The Chaser () is a 2008 South Korean action thriller film starring Kim Yoon-seok and Ha Jung-woo. It was directed by Na Hong-jin in his directorial debut. Inspired by real-life Korean serial killer Yoo Young-chul, certain scenes were shot on location around Mangwon-dong in the Mapo District, Seoul.

Plot 
Joong-ho is a dishonest ex-detective turned pimp who is in financial trouble because two of his prostitutes have gone missing. One night, he commands Mi-jin to service a customer, despite her protests over her sickness. Joong-ho then realizes this customer was the last to see his missing girls. Believing that this customer is trafficking his women, Joong-ho nevertheless sends Mi-jin in so that she can forward the customer's address to him. Joong-ho contacts his old police task force for help, but they cannot assist because the mayor of Seoul, whom they were guarding, has been attacked with feces; this results in the police suffering a media firestorm.
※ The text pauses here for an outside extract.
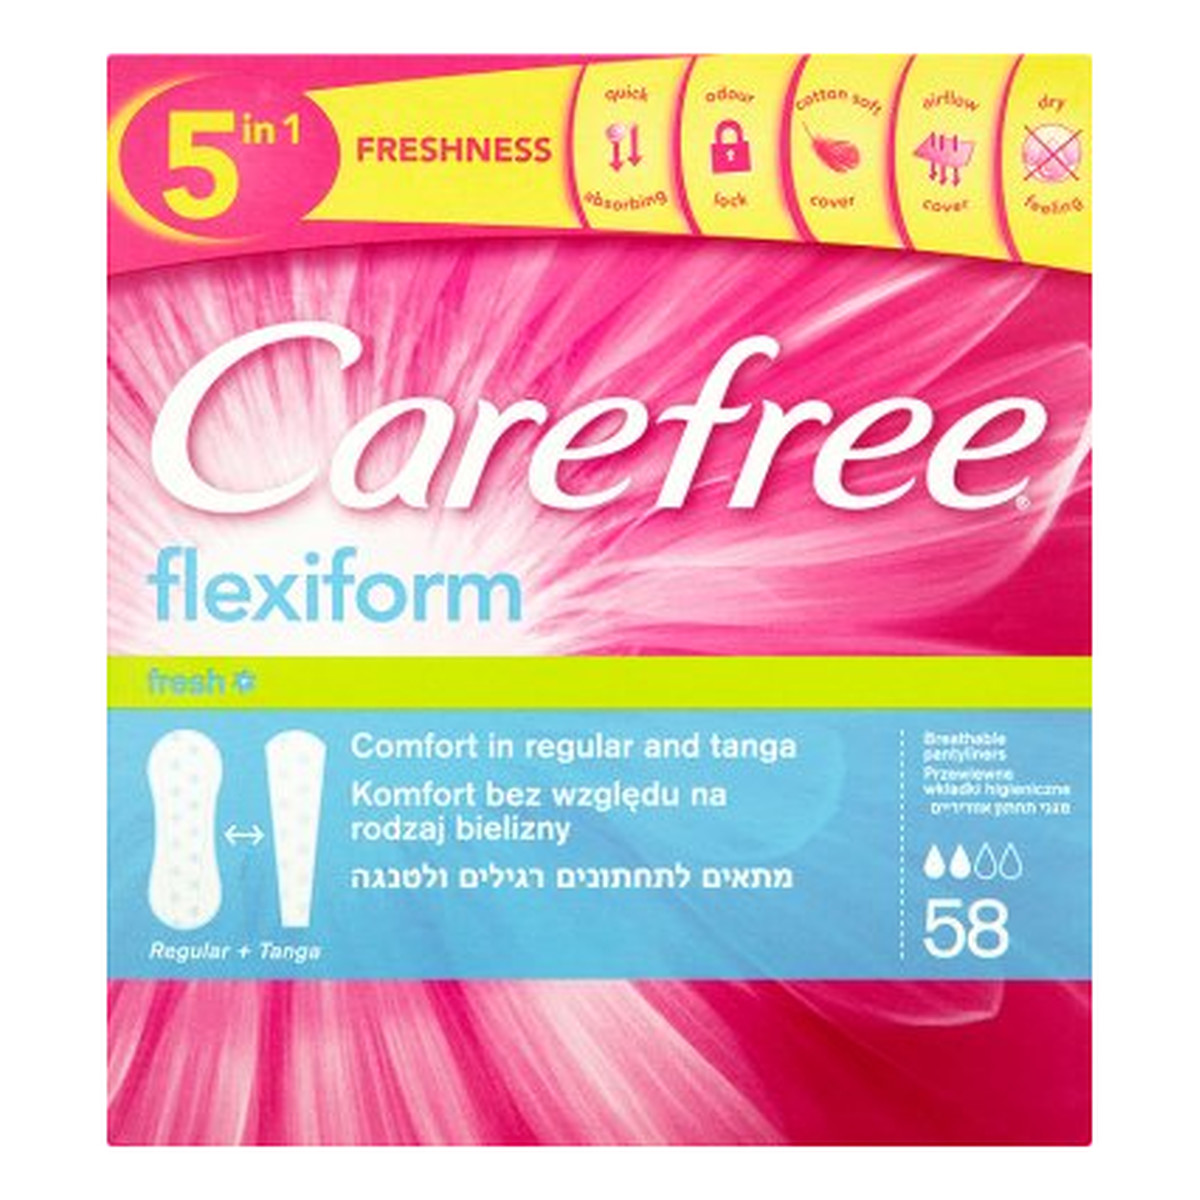 Carefree Flexiform Fresh Wkładki Higieniczne 58szt.

The customer, Yeong-min, takes Mi-jin back to a house but Mi-jin fails to contact Joong-ho due to the bathroom having no cell service. Yeong-min binds Mi-jin, but her struggles prevent her murder with a chisel, so Yeong-min hits her with a hammer, knocking her out. Just then, an elderly couple from the local church arrive, inquiring about the real house owner, Mr. Park; they recognize his dog. Yeong-min then invites the elderly couple in and murders them.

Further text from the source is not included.